Эта вибрация текста между фантастическим гротеском и реалистичнейшей точностью составляет здесь суть художественного ритма. Когда «валдахины», «мерблюзьи мантоны» и «смолевые непромокабли» уже ввергли вас в атмосферу карнавальной фантасмагории, и автор только что с удовольствием шарахнул вас по голове «Аболоном полведерским», и вы видите, что по кунсткамере меж «бюстров» и монстров шествуют не люди, а заводные куклы: Александр и Платов, – первый вдруг поворачивается ко второму и, дернув того за рукав, произносит фразу, выверенную по всем принципам натурального письма:
– Пожалуйста, не порть мне политики.
И «реалистическая» фраза становится частью фантасмагории! Автор, спрятавшийся за «оружейника», городит перед нами геркулесовы столпы выдумки. Бревном опрокидывают крышу, кричат: «Пожар!!», падают без чувств от вони в избе и летят от города к городу с дикой, «космической» скоростью, но… проскакивают по инерции станцию на сто «скачков» лишних, – так, как это было бы уместно в повествовании с реальной атмосферой (и стало быть, с инерцией), ну, скажем, как если бы Илья Ильич Обломов, замечтавшись, проскочил бы шлагбаум…

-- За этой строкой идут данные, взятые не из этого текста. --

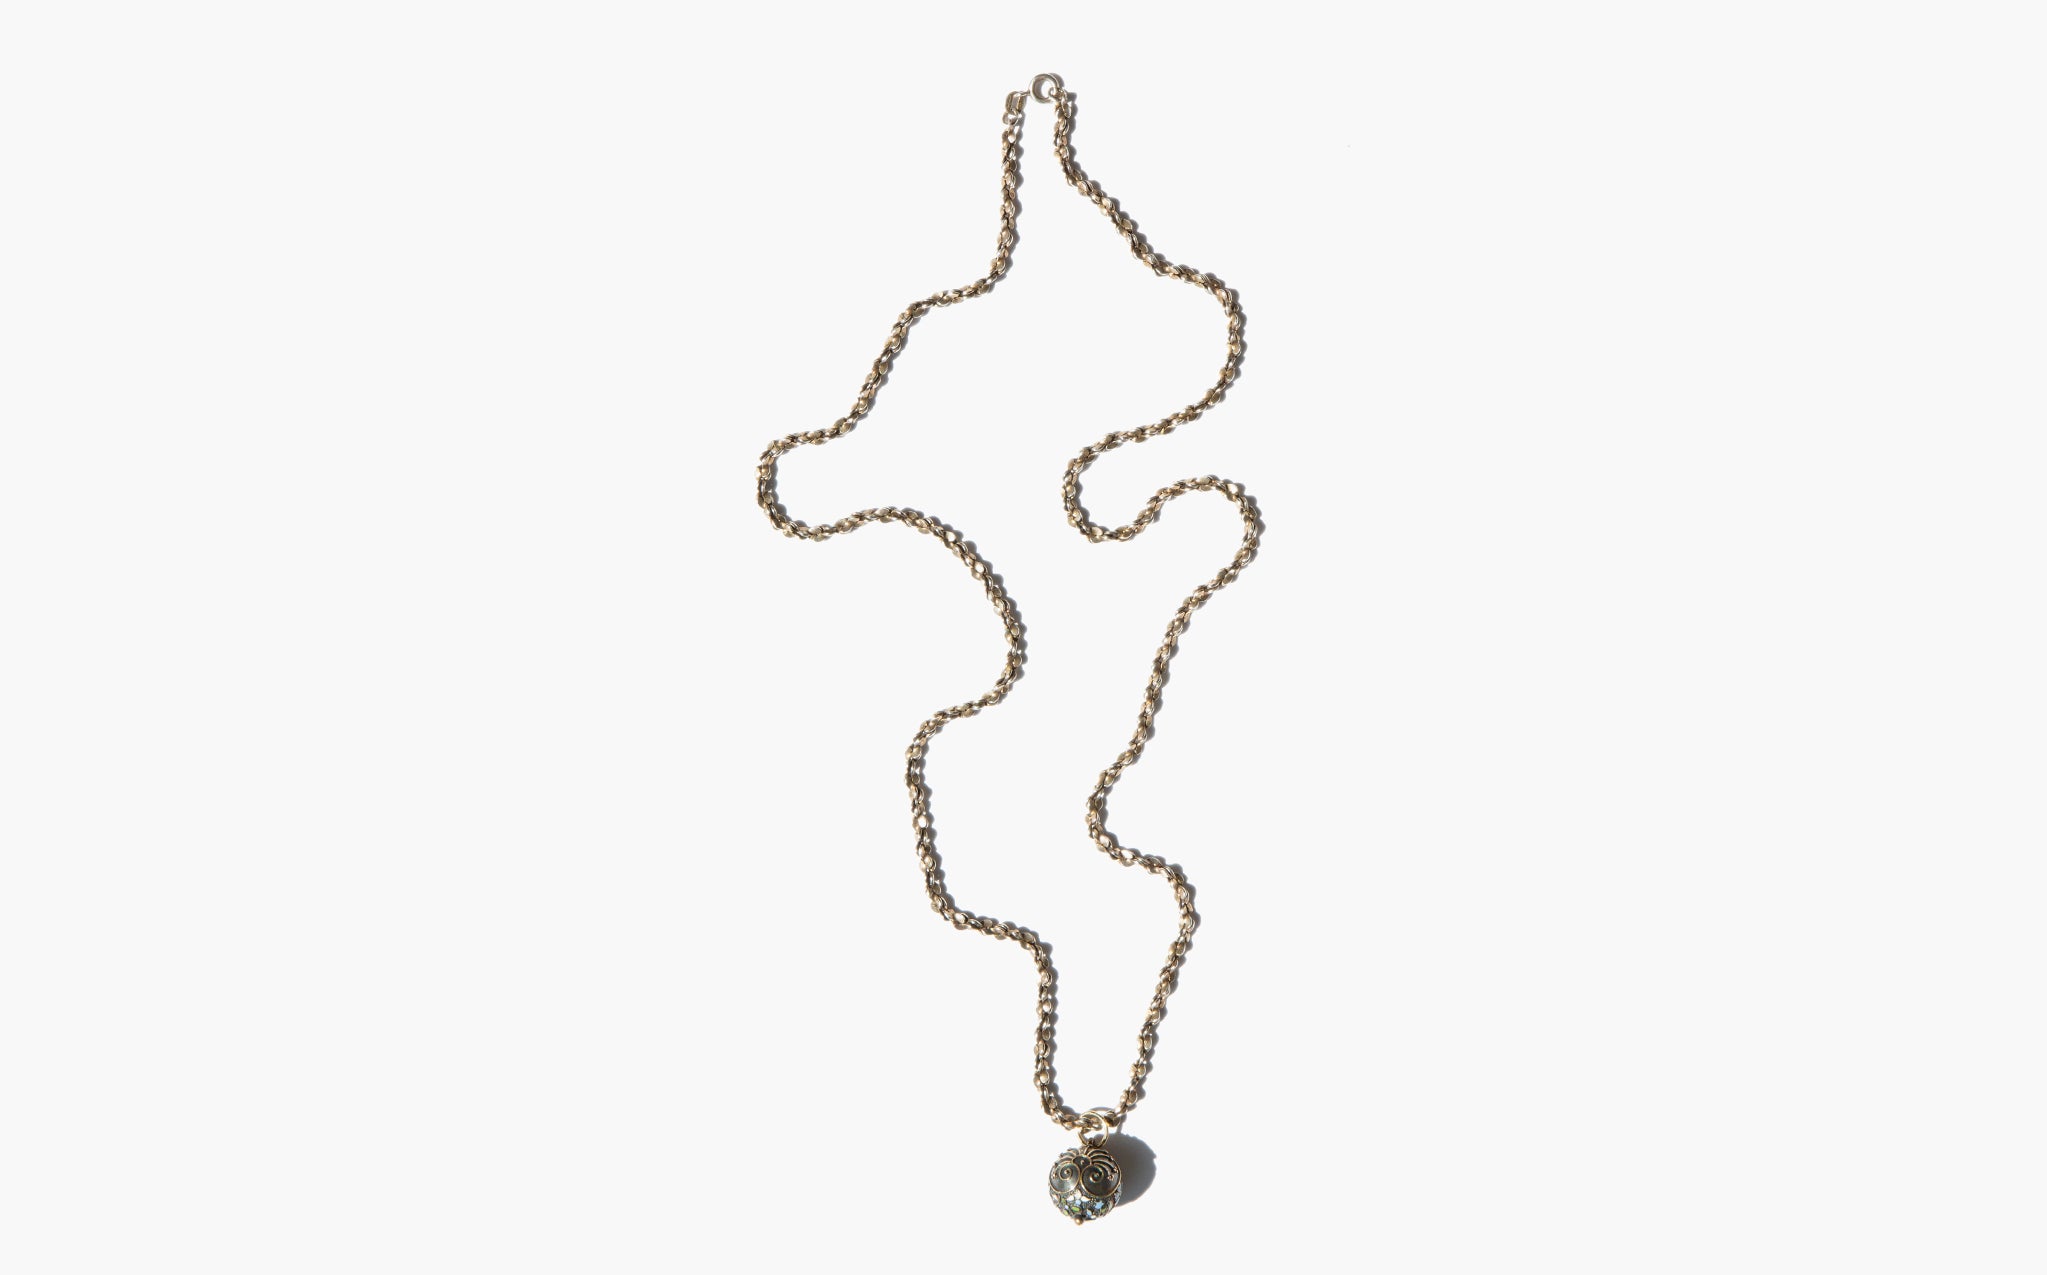 Clementina Necklace

Трезвейшая реальность спрятана в самой сердцевине безудержного словесного лесковского карнавала. И выявляется она – в неожиданных, уже по «Запечатленному ангелу» знакомых нам сбоях сюжетной логики. Надо бы мастерам идти в Москву, ан нет, пошли к Киеву… А если вы поверили, что в Киев, так тоже нет, потому что не в Киев, а в Мценск, к святителю Мир Ликийских. Но если вы настроились узнать, что за таинство свершилось с мастерами у Николы, то опять-таки зря, потому что это «ужасный секрет». Логика рывками обходит сокровенное, обозначая, очерчивая его. Это одновременно и мистификация, и истина: реальность выявляется, но не прямо, а окольно, кольцами, обиняками, «навыворот».
Реальность народного дарования, растрачиваемого впустую и на пустое.
Реальность того ощущения, что при всей пустоте и бессмысленности подвига Левши, в результате которого английская блоха, как-никак, а плясать перестала, и, таким образом, минимальный смысл всего дела вывернулся наизнанку и вышел абсурдом, – все-таки умелость, талант, доброта и терпение, в этот конфуз вложенные, реальны. Они-то – факт. Они – почва и непреложность.
И вот интонация Лескова-рассказчика тонко и остро колеблется между отталкивающимися полюсами. С одной стороны, отчаянная удаль, отсутствие всякой меры, какой-то экстаз абсурда: таскают за чубы? хорошо! разбили голову? – давай еще! Чем хуже, тем лучше: где наша не пропадала!.. И вдруг среди этого лихого посвиста – какая-нибудь тихая, трезвая фраза, совсем из другого регистра, со стороны:
– Это их эпос, и притом с очень «человечкиной душою»…
«Человечкиной». Странное словцо: тихое, хрупкое, робкое какое-то. Совсем не с того карнавала: не с «парата» питерского и не из той вонючей избы, где все без чувств пали. И вообще, пожалуй, не с карнавала, а… из мягкой гостиной в провинциальном дворянском доме. Или из редакции какого-нибудь умеренно гуманного журнала, воспрянувшего с честным человеколюбием в «либеральные» годы.
Так и работает текст: отсчитываешь от веселой фантасмагории – натыкаешься на нормальный человеческий «сантимент», отсчитываешь от нормальной чувствительности – и вдруг проваливаешься в бездну, где смех и отчаяние соединяются в причудливом единстве.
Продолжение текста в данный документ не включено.